# So we met the owner of the mega (cow) dairy........



## grandmajo (Oct 14, 2008)

Just thought I'd share this with you guys. We met the owner of the mega dairy that is near us.....2.5 miles as the crow flies, 5 miles by road.

Our great fun started on June 27th, when they began spraying liquid cow poo on the field surrounding our house. Oh what joy! Keep in mind that my house sits 50 feet from my south property line and they sprayed it right up to the property line. Anyways, they finished the field on June 28th, and then left it set like that until JULY 7th! Then they disced that in, and spread solid manure on top of that for 2 more days.

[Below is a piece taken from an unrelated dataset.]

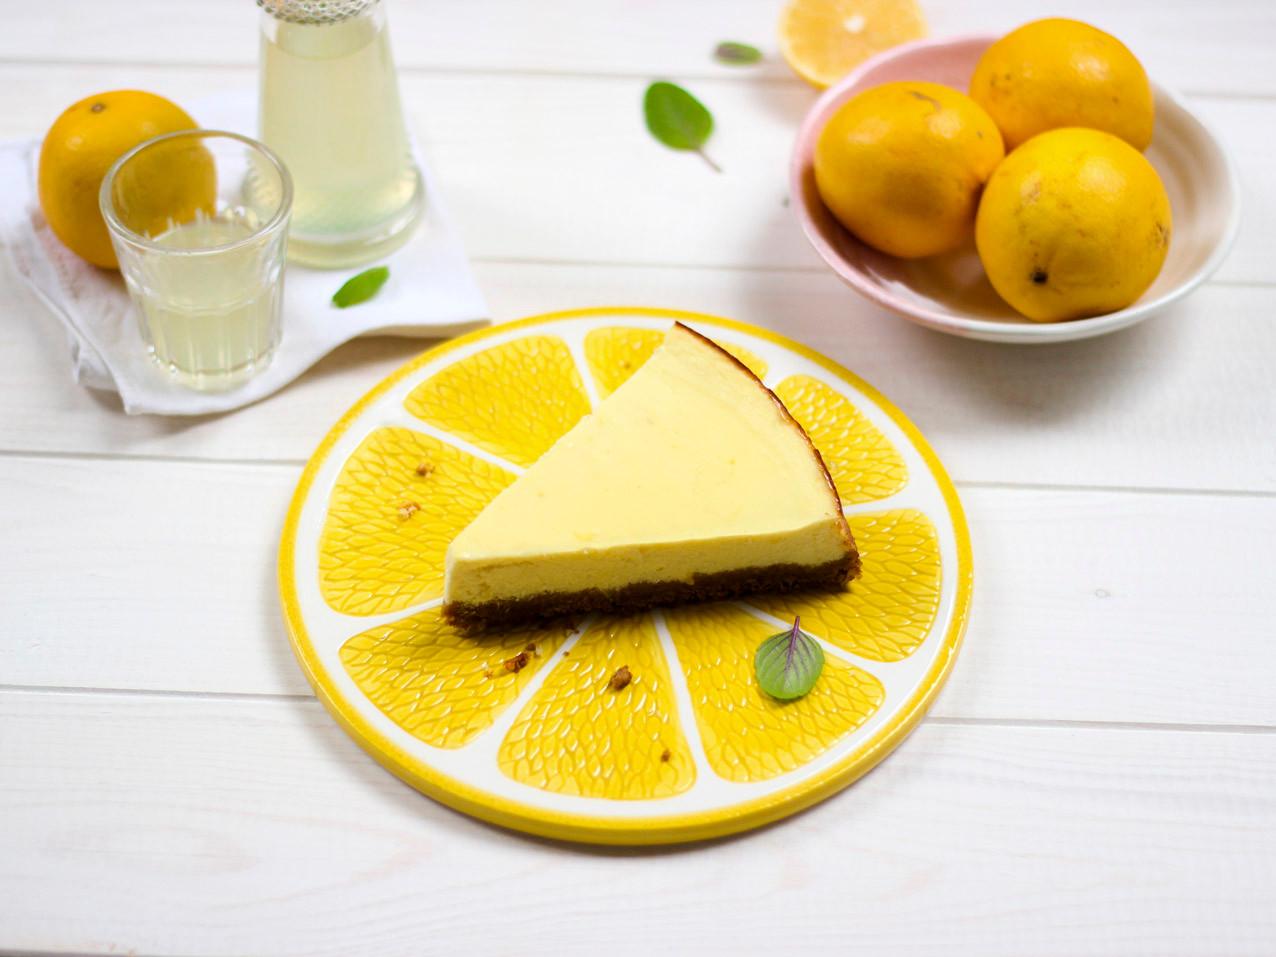 Ricotta-Cheesecake mit Zitrone & Limonce
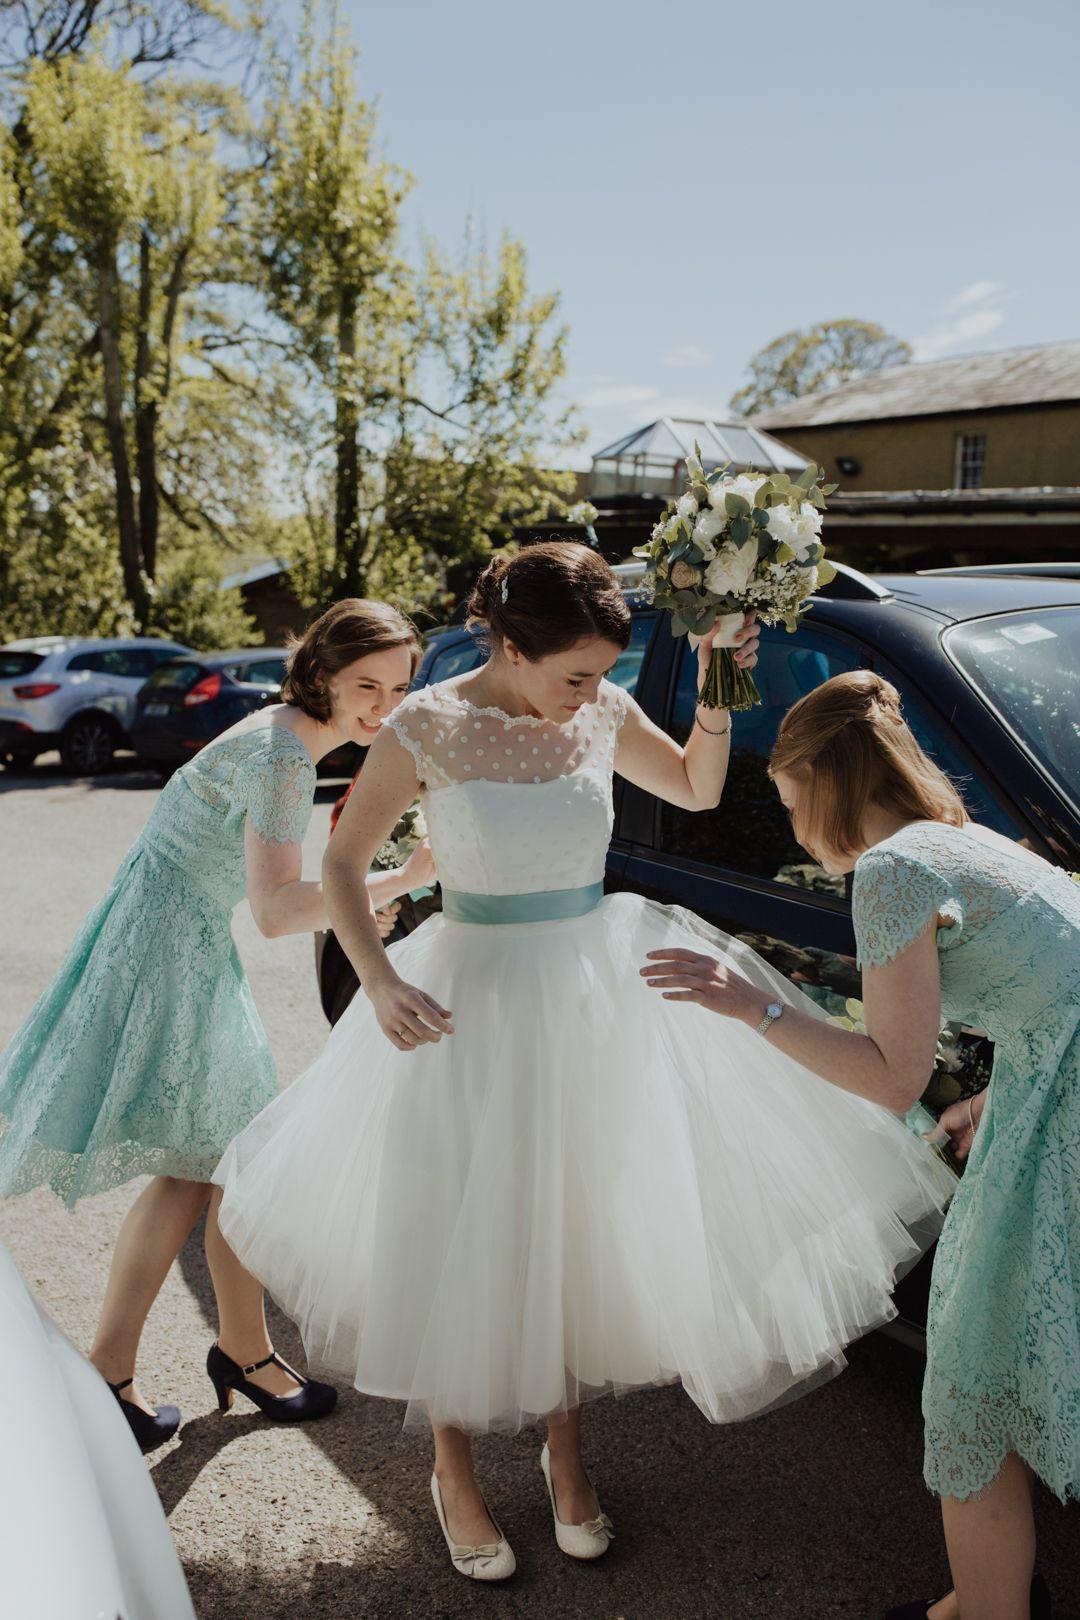 Sweet Simple And So Much Fun Olivia Donnacha Onefabday Com Short Wedding Dress Vintage Tea Length Wedding Dress Short Wedding Dress [ 1620 x 1080 Pixel ]

So, from June 27th thru July 9th, we were surrounded by cow poo, and the lovely horde of flies that came with it.

To make a long story short, I finally was able to find the correct government agency, and the correct contact person, as we couldn't find a phone number for the dairy, didn't know who the owner was, and the dairy property is gated with no trespassing signs. They made a call to the dairy, who came right over and worked the stuff in, then the ODA inspector called me. I was able to get the owner's name and phone number and requested a chat with him. He stopped by on July 13th.

Here's the highlights of what he told us - my thoughts are in parenthesis:

1) Normally I stop by all the houses near the fields before we apply manure, but you guys must have fallen off my radar, since I've spread the fields around this one for several years and you've never complained. (Our house is the only one near this field? And unless a person complains, then it must be okay to do as you want?)

2) I can't really tell the difference just by looking between 100 feet and 150 feet when I plan an application. (Then perhaps you should measure? The law states 100 feet minimum set back from a residence if you incorporate within 24 hours/300 feet minimum set back if you take longer than 24 hours to incorporate. And he admitted to the Ohio Department of Ag Inspector that he had violated the set back on the south side of our house.)

3) Skillfully evaded my questions about the holding pen that they keep several cows in that suddenly disappear. Also evaded questions about how they handle mastitis or CL.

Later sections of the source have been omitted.